Protein Name | ID 1 | ID 2 | Score | % Identity | % Similarity | Gaps | Indels |
---|---|---|---|---|---|---|---|
3-hydroxyacyl-[acyl-carrier-protein] dehydratase FabZ | FABZ_ECOLI | FABZ_BACSU | 345.0 | 45.4 | 61.2 | 12 | 3 |
Adenine phosphoribosyltransferase | APT_ECOLI | APT_BACSU | 441.5 | 50.3 | 61.2 | 13 | 2 |
Ribosome-recycling factor | RRF_ECOLI | RRF_BACSU | 469.0 | 48.6 | 71.9 | 0 | 0 |
Protein Name | ID 1 | ID 2 | Score | % Identity | % Similarity | Gaps | Indels | Coverage 1 | Coverage 2 |
---|---|---|---|---|---|---|---|---|---|
3-hydroxyacyl-[acyl-carrier-protein] dehydratase FabZ | FABZ_ECOLI | FABZ_BACSU | 348.0 | 49.3 | 66.4 | 4 | 2 | 92,1 | 97,2 |
Adenine phosphoribosyltransferase | APT_ECOLI | APT_BACSU | 450.0 | 56.2 | 66.7 | 0 | 0 | 88,5 | 95,3 |
Ribosome-recycling factor | RRF_ECOLI | RRF_BACSU | 470.0 | 48.9 | 72.3 | 0 | 0 | 99,5 | 99,5 |
Были выбраны белки: 3-гидроксиацил-[ацил-переносящий-белок] дегидратаза FabZ, aденин фосфорибозилтрансфераза и фактор рециклинга рибосом из штамма K12 кишечной палочки и штамма 168 сенной палочки. По результатам выравниваний можно сделать вывод, что белки во всех 3 парах гомологичны друг другу. Значения Score, Indentity, Similarity, Coverage(в локальном выравнивании) достоточно большие, что может свидетельствовать о гомологичности белков. Результаты глобального парного выравнивания и локального парного выравнивания различаются незначительно(схожие характеристики выравниваний), разве что в локальное выравнивание включается только гомологичный участок, поэтому говорить о большей информативности локального выравнивания нельзя.
Для построения выравниваний были взяты неродственные белки Valine--tRNA ligase(SYV_ECOLI) и Phosphoglycerate kinase(PGK_BACSU).
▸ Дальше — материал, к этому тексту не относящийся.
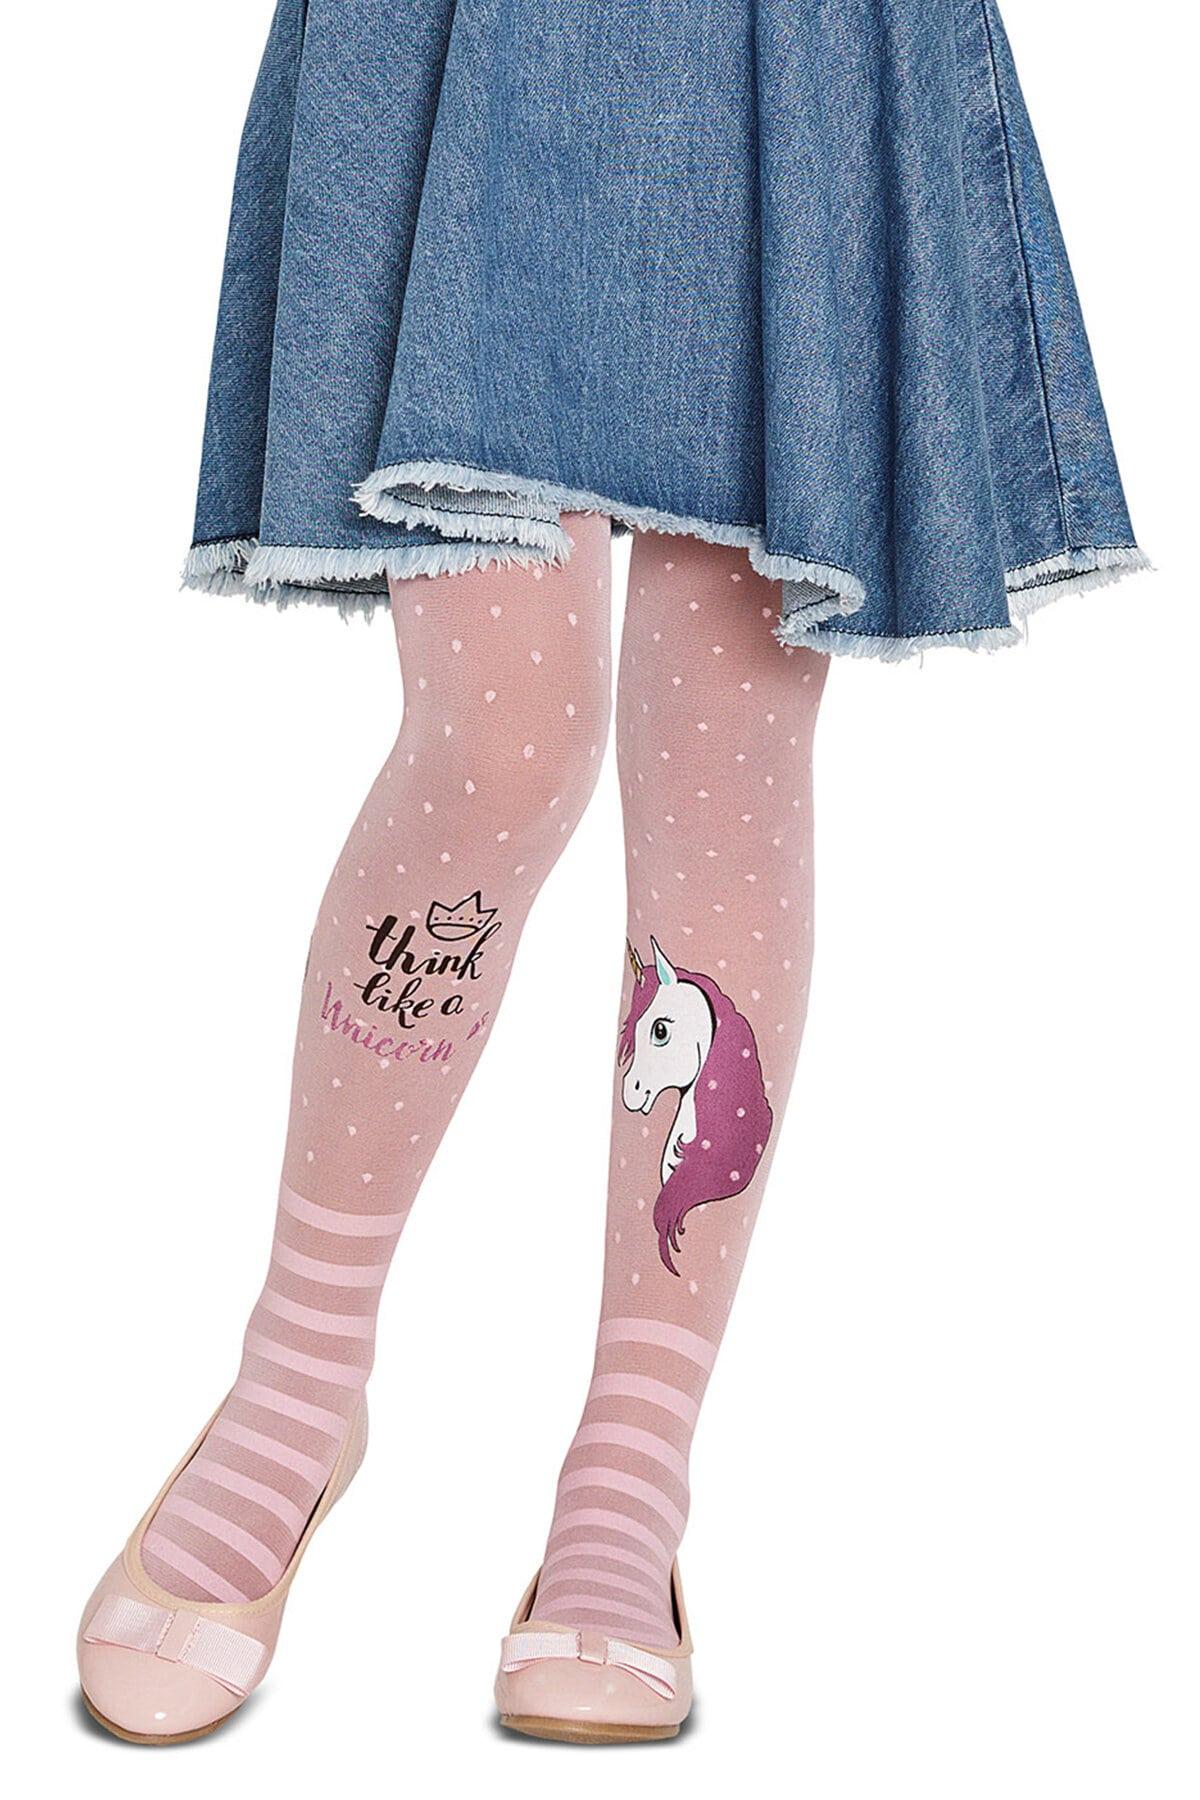 پنتی | Penti - جوراب شلواری طرحدار دخترانه پنتی Unicorn صورتی

Результаты глобального и локального выравнивания представлены в таблице.
Score | % Identity | % Similarity | Gaps | Indels | |
---|---|---|---|---|---|
Global | 68.5 | 8.8 | 13.5 | 779 | 25 |
Local | 80.0 | 23.5 | 36.0 | 85 | 21 |
Согласно характеристикам глобального и локального выравниванний белков c разными мнемониками функций они не являются гомологичными (маленькие значения параметров выравнивания).
Для можественного выравнивания была выбрана мнемоника APT. Было найдено 634 белка с помощью команды:
infoseq 'sw:APT_*' -only -name -nohead -out APT.txt
Для построения выравнивания были выбраны белки: APT_ECOSE, APT_RUEPO, APT_CLOPE, APT_BURCH, APT_STOLO, APT_ECOLI, APT_BACSU.
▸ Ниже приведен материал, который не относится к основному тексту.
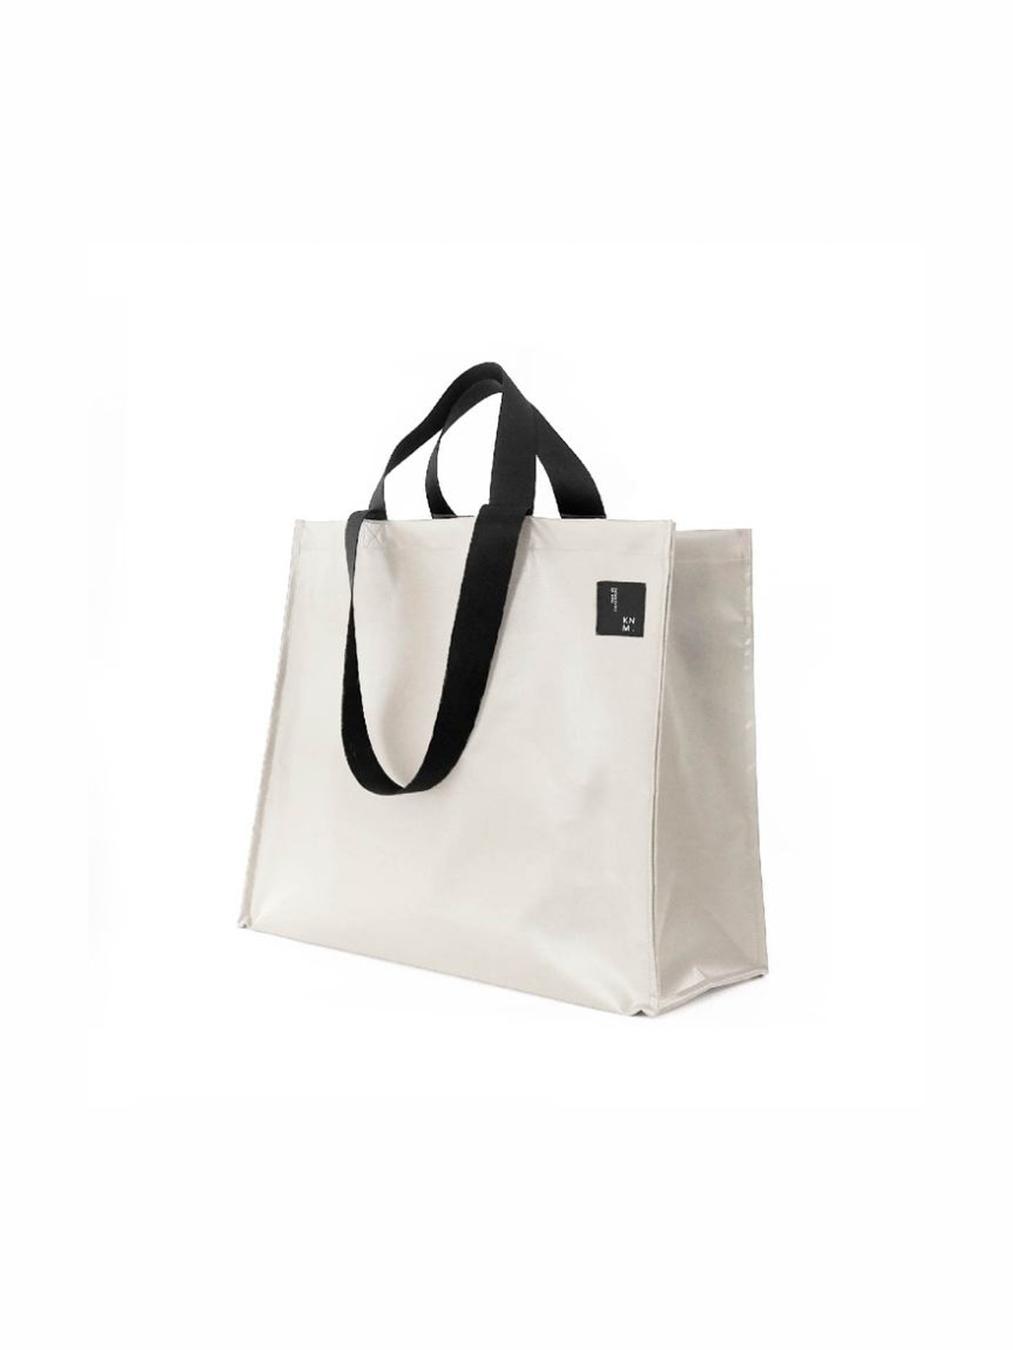 Carton Bag  (Cloud)
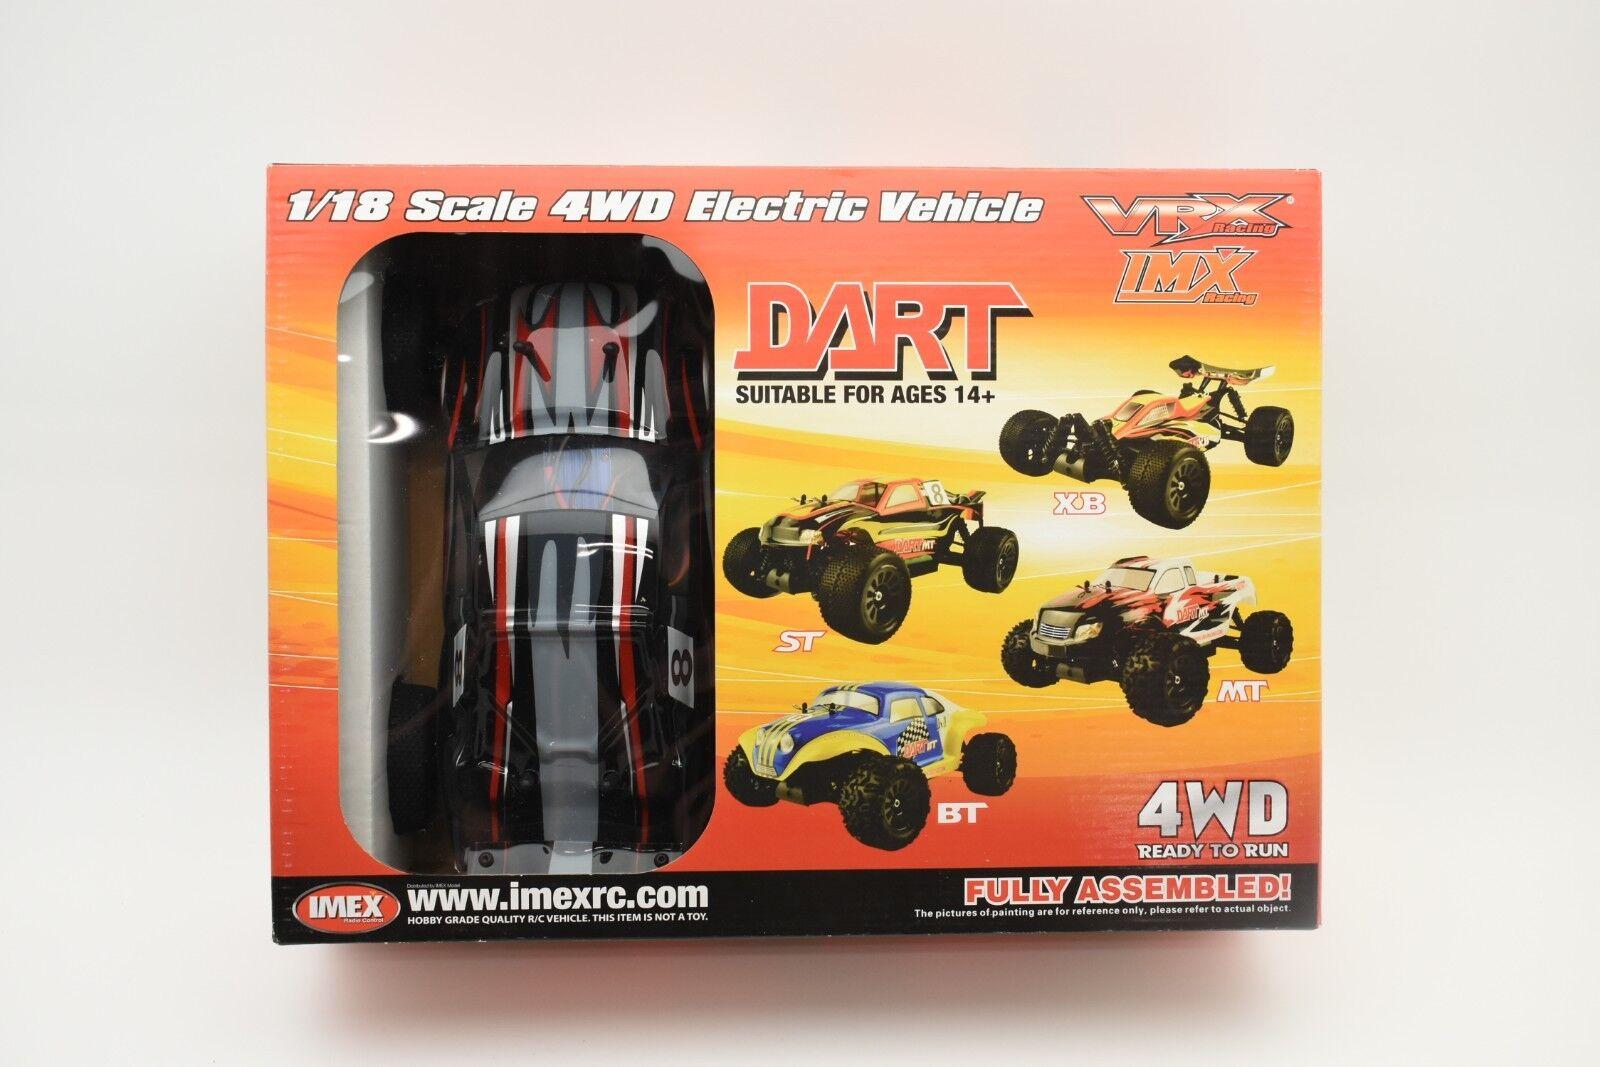 VRX18822-MT   Dardo Mt senza Spazzole 1 18 Scala 4wd Elettrico Veicolo ( Reb )

Был создан файл в fasta формате:
seqret @APT.txt APT.fasta
После этого запущена порограмма выравнивания:
muscle -align APT.fasta -output APT_alignment.fasta
Белки, вероятно, не являются гомологичными. В выравнивании можно выделить наиболее консервативные участки: 74-76, 88-89, 94-95, 97-100, 110-113, 122-123, 126-127, 134-136, 138-142, но так же встречаются полностью негомологичные участки большей протяженности.